The start was spicy. Lando Norris had a pop into Turn 1, was muscled onto the grass in the drag down to the Rettifilo, and when Verstappen cut the chicane to hang on, he was told to give it back. He did—yielding at the end of the opening lap—and that should’ve been McLaren’s moment to dictate the afternoon.
It wasn’t. Two laps to reset, one lap to pounce: Verstappen retook the lead at the start of Lap 4, late on the brakes and utterly committed, and that was the race’s last meaningful exchange. From there he checked out, managing the pace and massaging the tyres with the kind of authority that turns a grand prix into a time trial. Nineteen seconds at the flag. Monza doesn’t often do humiliation, but this was close.
Nico Rosberg, never shy about calling performance as he sees it, labelled the swing from qualifying to race “Verstappen magic.”
“Suddenly, bam, when it mattered, it was Verstappen magic,” the 2016 World Champion told Sky F1. “In qualifying I do think it was down to him, but then in the race, yes, again he was just unbelievable, but his car was also fast, which really came as a surprise to us, and to McLaren. Hats off to Red Bull, and, of course, to him for just such a special weekend.”
On the Norris pass that set up the runaway: “So late on the brakes, brilliant stuff, like really special, so impressive. And then the pace he had, relentless.”
Verstappen’s Monza victory was his third of the 2025 season and it stretched his championship lead over George Russell to 36 points. In a campaign shaped by McLaren’s weekly presence at the sharp end, that margin matters. It says that whenever Red Bull gives Verstappen a car that breathes at high speed, he doesn’t just win — he crushes.
This wasn’t merely fast; it was the sort of polished annihilation that answers a week’s worth of questions in 53 laps. Would McLaren’s tyre edge tell over a long run? Not when Verstappen could rip the sting out of the race by Lap 10. Would the pole lap be a one‑off? The gap at the finish suggested otherwise. Would the first‑lap skirmish linger? He gave the place back, passed cleanly and did his talking with the stopwatch.

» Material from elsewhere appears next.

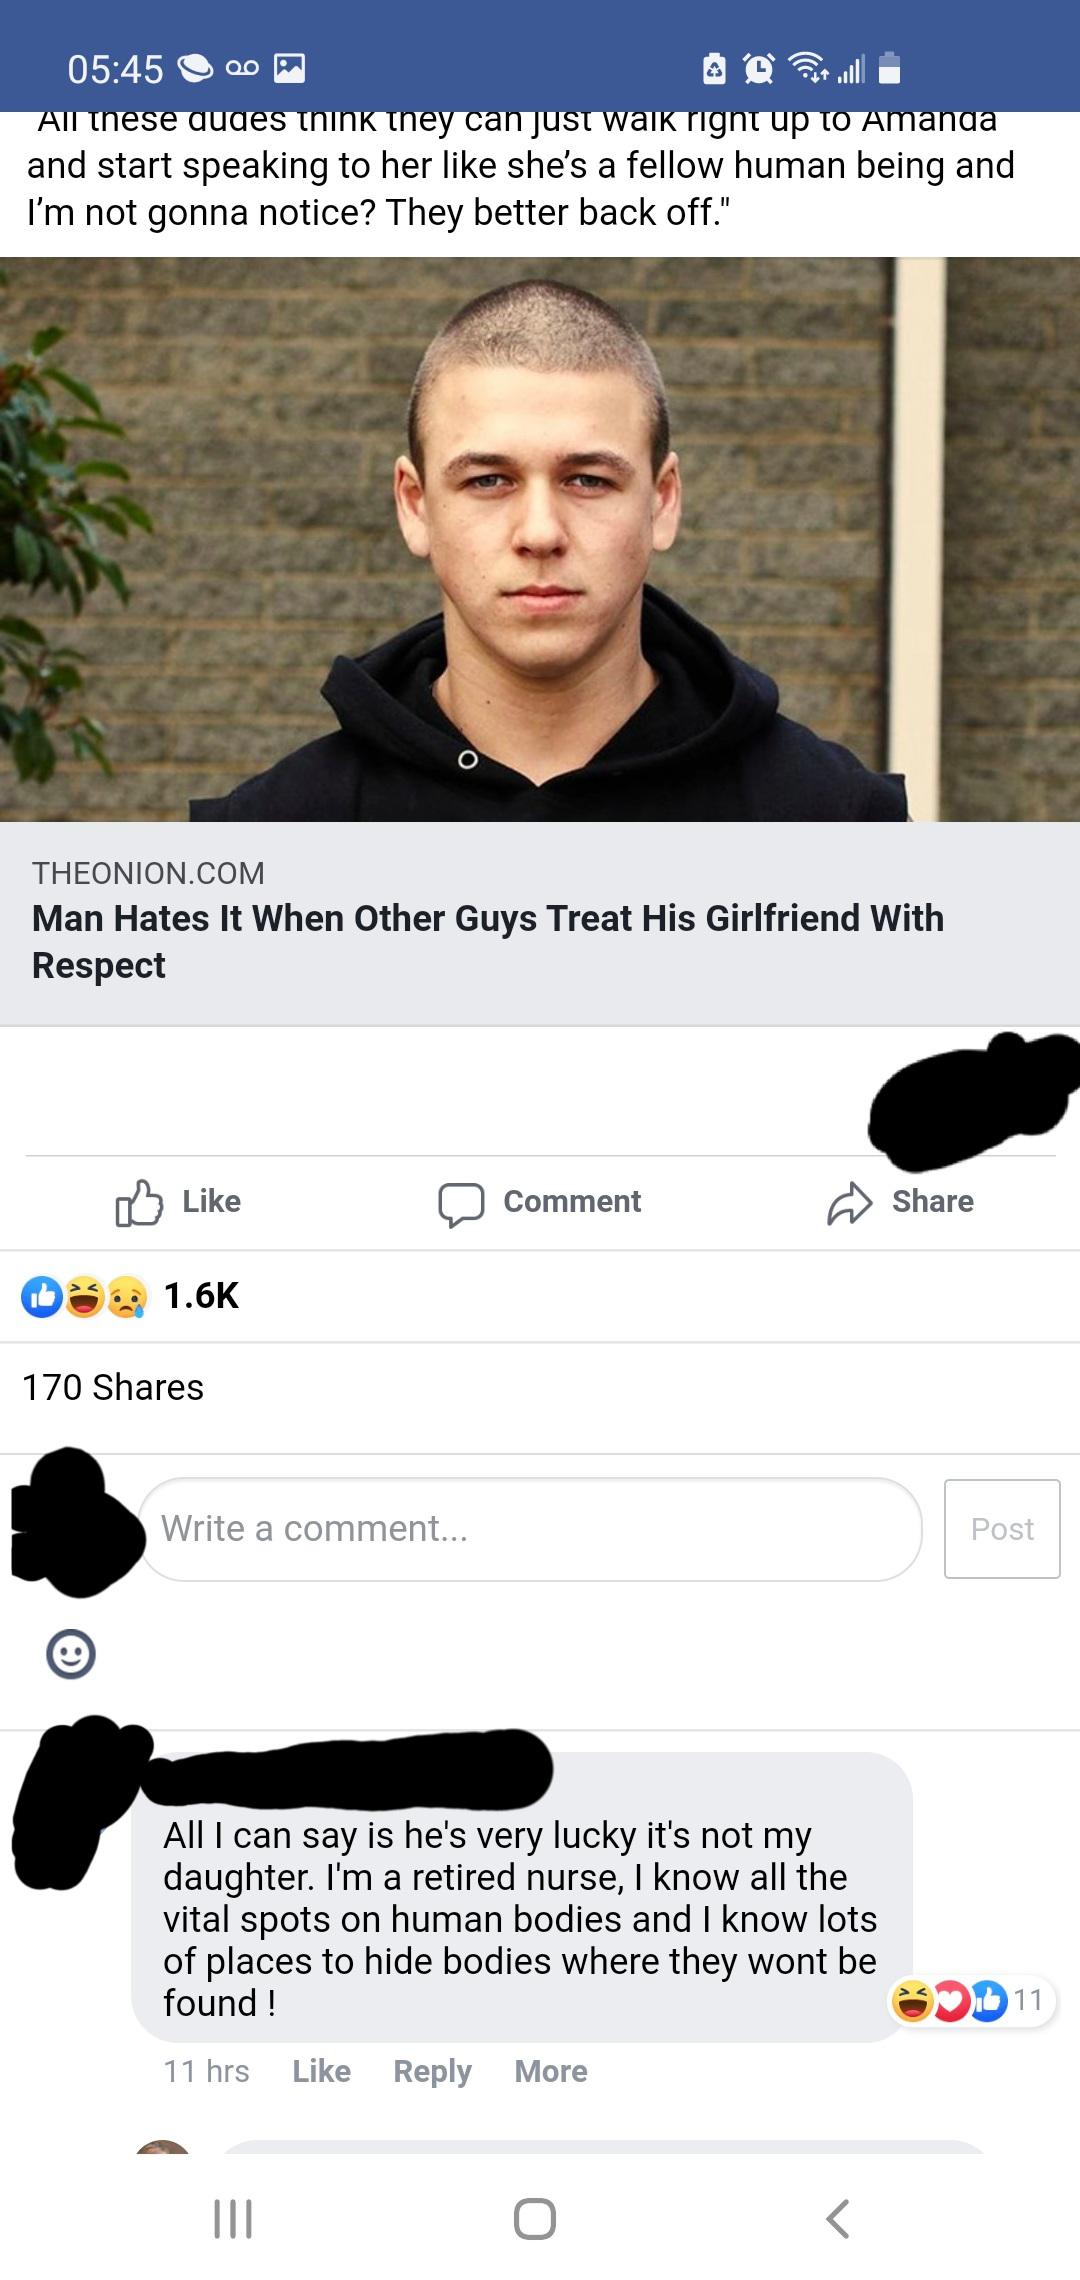 cringe pics - screenshot - ao All these dudes think they Just walk right up to Amanda and start speaking to her she's a fellow human being and I'm not gonna notice? They better back off." Theonion.Com Man Hates It When Other Guys Treat His Girlfriend With
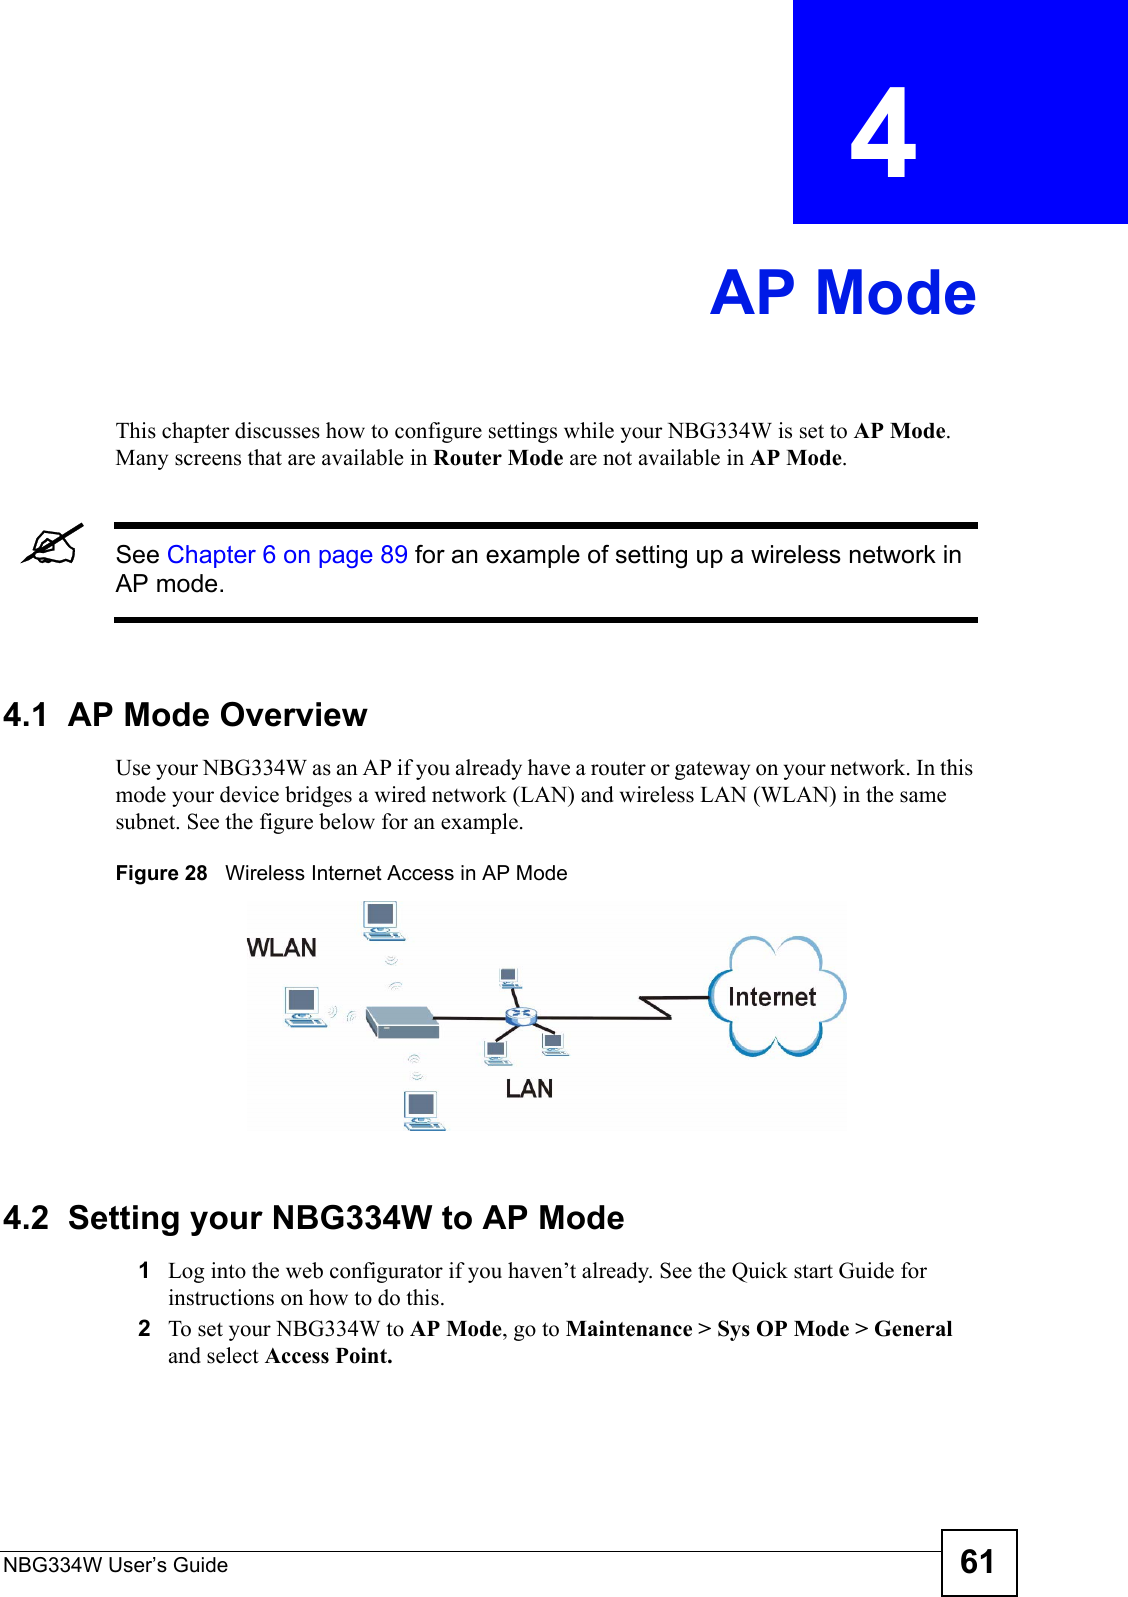 NBG334W User’s Guide 61CHAPTER  4 AP ModeThis chapter discusses how to configure settings while your NBG334W is set to AP Mode. Many screens that are available in Router Mode are not available in AP Mode.&quot;See Chapter 6 on page 89 for an example of setting up a wireless network in AP mode. 4.1  AP Mode OverviewUse your NBG334W as an AP if you already have a router or gateway on your network. In this mode your device bridges a wired network (LAN) and wireless LAN (WLAN) in the same subnet. See the figure below for an example.Figure 28   Wireless Internet Access in AP Mode 4.2  Setting your NBG334W to AP Mode1Log into the web configurator if you haven’t already. See the Quick start Guide for instructions on how to do this.2To set your NBG334W to AP Mode, go to Maintenance &gt; Sys OP Mode &gt; General and select Access Point.

Hill’s “driver of this age” line will rattle a few cages, but it’s increasingly hard to argue. The speed was known. The relentlessness, too. What Monza hammered home was the tidiness: the judgement at Turn 1, the reset after giving the place back, the precision under braking when it mattered. It was a complete weekend in a year where complete weekends are at a premium.
Red Bull came to Italy expecting a fight and left with a statement. McLaren remain the long‑run benchmark more often than not, Oscar Piastri and Norris still circling every Sunday. But when the calendar serves up low drag and long straights, Verstappen turns the dial to something few can match. Monza just put it in neon.